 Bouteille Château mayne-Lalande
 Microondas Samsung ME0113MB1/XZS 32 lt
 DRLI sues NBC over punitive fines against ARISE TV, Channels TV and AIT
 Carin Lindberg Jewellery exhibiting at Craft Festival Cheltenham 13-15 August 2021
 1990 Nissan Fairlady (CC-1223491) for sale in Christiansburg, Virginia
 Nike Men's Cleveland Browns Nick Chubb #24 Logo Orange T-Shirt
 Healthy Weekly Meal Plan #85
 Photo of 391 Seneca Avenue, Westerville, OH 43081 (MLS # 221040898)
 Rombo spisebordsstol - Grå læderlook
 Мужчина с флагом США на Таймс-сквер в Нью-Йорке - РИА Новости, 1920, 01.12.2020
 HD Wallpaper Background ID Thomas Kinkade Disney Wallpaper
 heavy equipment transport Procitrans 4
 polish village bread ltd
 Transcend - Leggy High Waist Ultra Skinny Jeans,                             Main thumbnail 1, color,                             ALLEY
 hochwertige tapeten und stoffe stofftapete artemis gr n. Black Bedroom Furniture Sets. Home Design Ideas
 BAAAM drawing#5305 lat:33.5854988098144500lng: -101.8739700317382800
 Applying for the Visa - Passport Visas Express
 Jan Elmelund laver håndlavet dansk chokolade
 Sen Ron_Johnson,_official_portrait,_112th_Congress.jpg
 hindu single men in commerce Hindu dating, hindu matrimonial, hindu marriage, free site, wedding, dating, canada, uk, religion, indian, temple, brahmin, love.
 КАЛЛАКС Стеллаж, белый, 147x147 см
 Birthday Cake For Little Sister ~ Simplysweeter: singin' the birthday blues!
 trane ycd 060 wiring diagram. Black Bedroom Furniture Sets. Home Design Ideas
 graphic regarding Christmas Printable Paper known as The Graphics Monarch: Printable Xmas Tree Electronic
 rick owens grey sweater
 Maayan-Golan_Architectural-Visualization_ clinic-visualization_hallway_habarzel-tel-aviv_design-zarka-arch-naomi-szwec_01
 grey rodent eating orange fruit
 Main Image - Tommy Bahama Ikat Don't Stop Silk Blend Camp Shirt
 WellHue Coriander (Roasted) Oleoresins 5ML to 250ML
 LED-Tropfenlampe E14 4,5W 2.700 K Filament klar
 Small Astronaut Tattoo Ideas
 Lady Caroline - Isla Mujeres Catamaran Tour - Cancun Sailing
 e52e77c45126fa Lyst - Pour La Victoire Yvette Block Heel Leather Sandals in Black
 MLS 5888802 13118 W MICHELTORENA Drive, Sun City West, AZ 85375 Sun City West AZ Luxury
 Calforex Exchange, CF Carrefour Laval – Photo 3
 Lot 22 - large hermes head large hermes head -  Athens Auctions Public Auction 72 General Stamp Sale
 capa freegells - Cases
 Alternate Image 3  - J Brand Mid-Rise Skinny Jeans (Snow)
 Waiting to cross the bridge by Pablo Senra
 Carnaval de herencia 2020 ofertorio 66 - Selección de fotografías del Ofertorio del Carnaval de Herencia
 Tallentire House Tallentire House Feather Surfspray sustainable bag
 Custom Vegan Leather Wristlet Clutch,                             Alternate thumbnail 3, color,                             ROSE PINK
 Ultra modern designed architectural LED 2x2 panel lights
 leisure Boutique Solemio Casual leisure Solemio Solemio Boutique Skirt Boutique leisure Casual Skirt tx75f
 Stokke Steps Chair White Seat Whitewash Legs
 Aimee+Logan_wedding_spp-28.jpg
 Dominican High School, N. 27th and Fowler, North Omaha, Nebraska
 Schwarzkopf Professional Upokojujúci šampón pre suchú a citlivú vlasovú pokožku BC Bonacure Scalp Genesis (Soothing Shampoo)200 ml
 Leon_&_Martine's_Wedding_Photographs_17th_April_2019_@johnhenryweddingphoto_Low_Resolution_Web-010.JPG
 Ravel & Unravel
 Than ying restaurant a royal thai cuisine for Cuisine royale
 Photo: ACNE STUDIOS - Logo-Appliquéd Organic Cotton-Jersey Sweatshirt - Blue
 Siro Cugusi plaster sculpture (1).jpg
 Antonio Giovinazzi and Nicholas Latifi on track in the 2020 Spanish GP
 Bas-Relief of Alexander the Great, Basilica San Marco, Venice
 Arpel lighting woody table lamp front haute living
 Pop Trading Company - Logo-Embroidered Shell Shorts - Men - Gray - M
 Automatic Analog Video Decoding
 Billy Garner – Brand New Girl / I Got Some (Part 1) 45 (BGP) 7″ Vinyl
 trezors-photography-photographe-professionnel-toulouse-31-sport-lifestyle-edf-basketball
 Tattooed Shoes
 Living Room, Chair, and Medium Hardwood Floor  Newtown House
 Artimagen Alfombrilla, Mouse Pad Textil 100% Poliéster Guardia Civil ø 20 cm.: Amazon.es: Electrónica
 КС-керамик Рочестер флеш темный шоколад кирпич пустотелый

- - -

*WORK ITEM*:
Your answer must be the lines above, unchanged, from the first one through the line that holds "HD Wallpaper Background", inclusive, and no others.

*RESPONSE BOX*:
 Bouteille Château mayne-Lalande
 Microondas Samsung ME0113MB1/XZS 32 lt
 DRLI sues NBC over punitive fines against ARISE TV, Channels TV and AIT
 Carin Lindberg Jewellery exhibiting at Craft Festival Cheltenham 13-15 August 2021
 1990 Nissan Fairlady (CC-1223491) for sale in Christiansburg, Virginia
 Nike Men's Cleveland Browns Nick Chubb #24 Logo Orange T-Shirt
 Healthy Weekly Meal Plan #85
 Photo of 391 Seneca Avenue, Westerville, OH 43081 (MLS # 221040898)
 Rombo spisebordsstol - Grå læderlook
 Мужчина с флагом США на Таймс-сквер в Нью-Йорке - РИА Новости, 1920, 01.12.2020
 HD Wallpaper Background ID Thomas Kinkade Disney Wallpaper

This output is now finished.